Critics often claimed that is work was influenced by modern art movements and strayed from the traditional work that has always come from Arnhem Land. However, Durrng's works were only representations of the paintings on the bodies during the Ngarra ceremony which is described as "a mortuary rite performed to remember the dead and to prepare their spirits for the afterlife, [and] is also a celebration of regeneration and renewal that recalls the ancestral travels of the Djan'kawu Sisters". Durrng, a proponent of his own work, was largely unfazed by critics, focusing instead on maintaining the tradition and cultural importance found within his works.

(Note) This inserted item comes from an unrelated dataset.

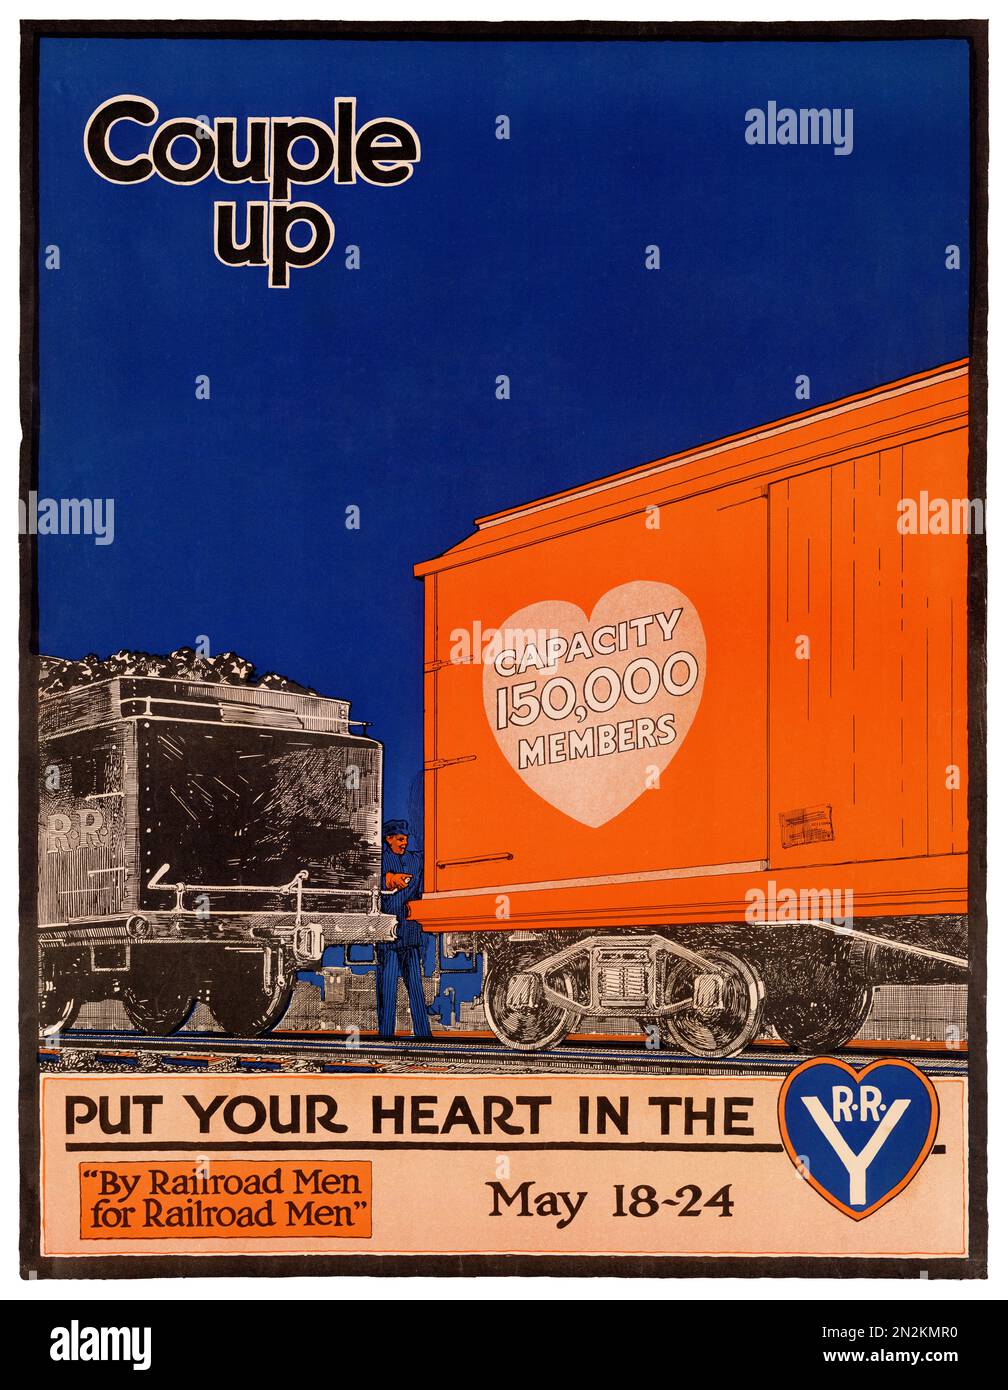 Couple mettez votre coeur dans le R.R. Y., 18-24 mai. Par J. F. Butler (dates inconnues). Affiche publiée en 1910 aux États-Unis. Banque D'Images

Durrng belonged to the Bula'bula Arts cooperative in Ramingining, and has numerous, well-known works. Notably, his optical murals were exhibited in the Gallery One at Sydney's Museum of Contemporary Art (2000), Sprengel Museum in Hanover (2001), and Reina Sofia in Madrid (2002).

== Impacts ==
After his death, his sisters worked to bring back the culturally-significant designs that Durrng had entrusted them with. While many of them had strong weaving skills, they had never painted before due to the gender restrictions on their clan. However, after a slow start, paintings maintaining Durrng's legacy began to emerge rapidly from his family members. Durrng closely followed the Yonglu assertion that "I am entitled to paint this," and this manifested itself in his art. However, while it also was revealed in his sisters' work following his death, there were key differences in their pieces - most notably in their depictions of the Gapi Milminydjarrk (the Waterholes at Garriyak). While his work depicts evenly sized and spaced waterholes in a rigid geometric order, his sister, Lena Walunydjanalil abandons the order that Mickey uses, and instead places through irregularity around the bark in a movement stemming from her use of line rather than tonal contrast. Additionally, his other two sisters Margaret Rarru and Helen Ganalmirrawuy included key differences in their works, like irregular shapes of bark and more complex schemas.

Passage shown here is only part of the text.